Chronic beryllium disease (CBD), a chronic granulomatous lung disease caused by exposure to beryllium, shares similar histological and clinical findings with sarcoidsois. Glu69, carried by allele HLADPB1* 0201, was found not to be associated with sarcoidosis [24, 25]. In a study of 33 cases and 44 exposed persons without CBD (controls), Richeldi and colleagues found Glu69 in 97% of cases and in 30% of control subjects [26]. This HLA-DPB1 Glu69 association in beryllium disease has been widely supported [27] but is not associated with sarcoidosis.
Polymorphic variants of the natural resistance–associated macrophage protein-1 gene (NRAMP1), now named SLC11A1, have been found to be associated with tuberculosis and leprosy susceptibility in endemic areas of disease [28, 29]. SLC11A1 is expressed primarily in macrophages and polymorphonuclear leukocytes and immunolocalization studies demonstrate the presence of NRAMP1 in lysosomes [30]. SLC11A1, an attractive candidate, was found not to increase the risk of sarcoidosis among African Americans [31], although a more recent article has noted an association in Polish patients (OR, 1.68; 95% CI, 1.01–2.81) [32].
4. Genetic associatiation studies in sarcoidosis
Genetic studies in sarcoidosis have gone through three phases – candidate gene studies, genome scanning using affected sib pair (ASP) linkage analysis and most recently, genome wide association studies (GWAS).
4.1. Candidate gene approach
The search for sarcoidosis susceptibility genes has generally relied on the candidate gene approach [33]. Investigators have selected genes for study that fit into the prevailing disease model. Sarcoidosis is thought to be a dysregulated response to an inhaled antigen that involves antigen-presenting cells, T cells (primarily a helper T-cell type 1 polar response), and cytokine and chemokine release resulting in cell recruitment and the formation of granulomas in involved organs.
4.1.1. Association with Human Leukocyte Antigens (HLA)

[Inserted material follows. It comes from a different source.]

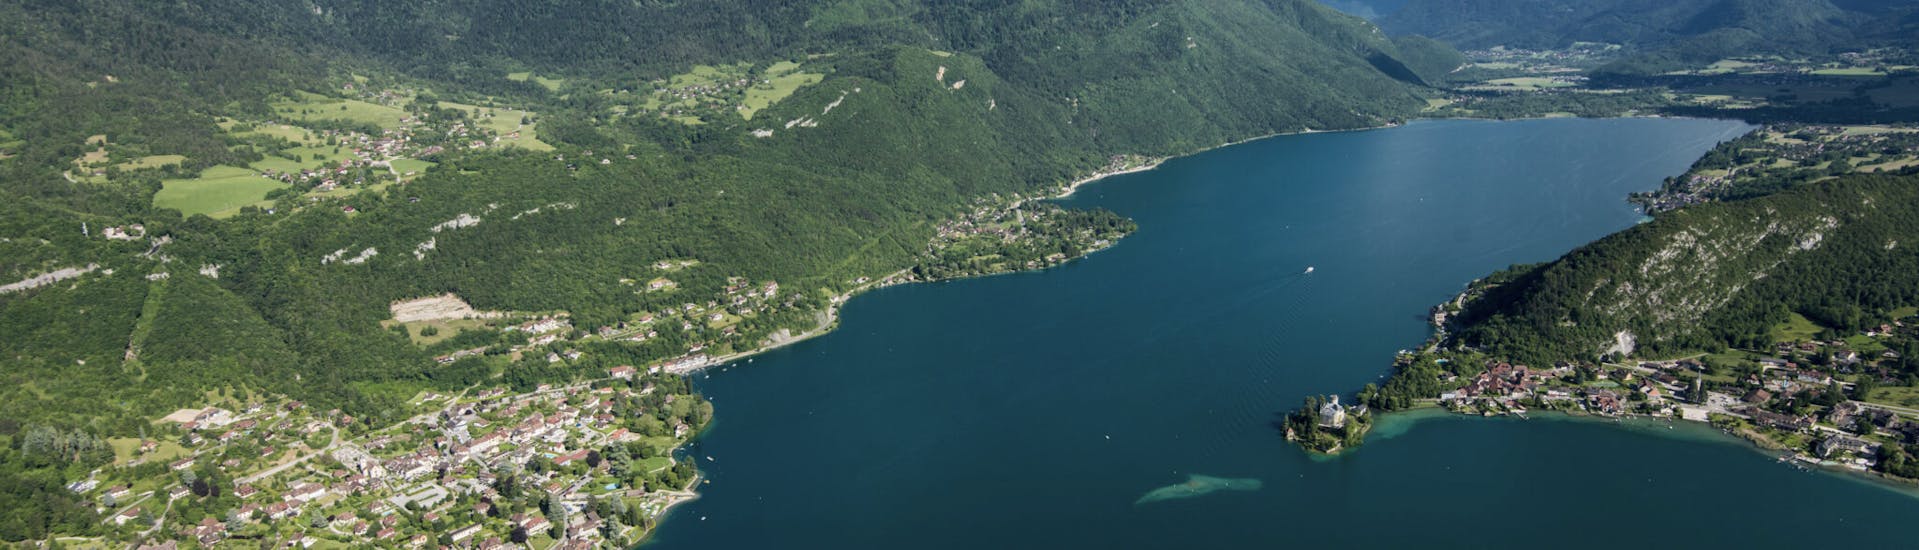 Vista del lago donde se puede ir durante el alquiler de bicicletas de montaña alrededor del lago de Annecy.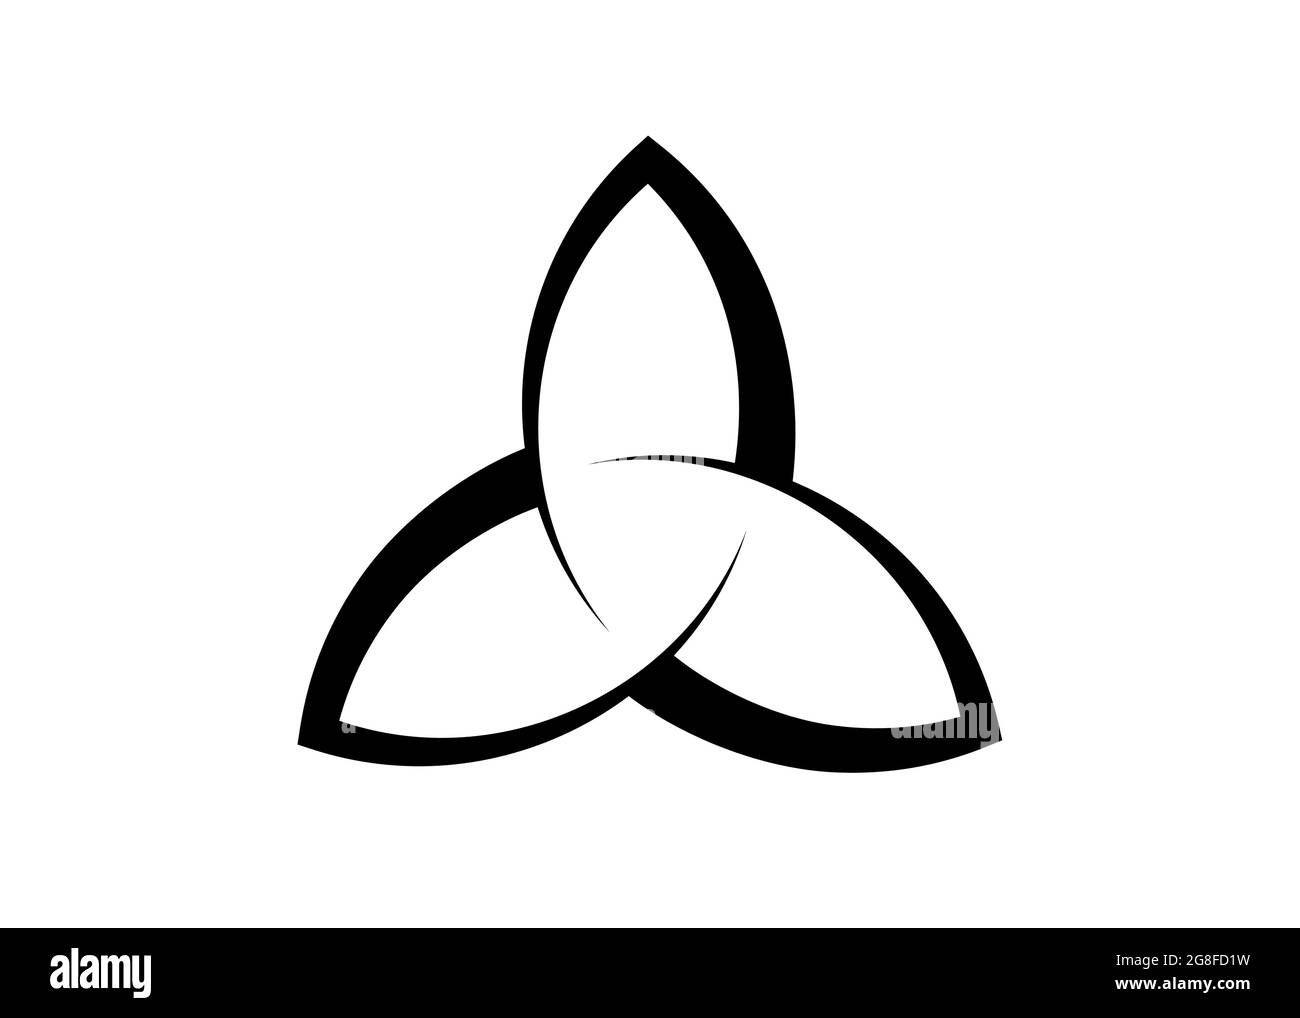 Logo Triquetra, tatouage Trinity Knot, symbole celtique Pagan Triple Déesse. Signe Wicca, livre d'ombres, vecteur de divination Wicca isolé sur blanc Illustration de Vecteur

HLA genes have been the best studied candidate genes in sarcoidosis. HLA genes are involved in presenting antigen to T cells and are grouped into three classes: class I, II and III. HLA association studies in sarcoidosis began over thirty years ago. A summary of the most consistent HLA associations in sarcoidosis is shown in Table 1. In 1977 Brewerton and colleague [34] first revealed an association of acute sarcoidosis with the HLA class I antigen HLA-B8 which was later confirmed by other groups [35, 36]. Hedfors and co-workers [35] also noted that HLA-B8/DR3 genes were inherited as a sarcoidosis risk haplotype in whites. In white HLA-B8/DR3 haplotype is associated with wide variety of autoimmune diseases [37]. These earlier studies of class I HLA antigens directed to the studies focused on HLA class II. A recent report by Grunewald and colleagues [38] suggests that HLA class I and II genes work together in sarcoidosis pathophysiology.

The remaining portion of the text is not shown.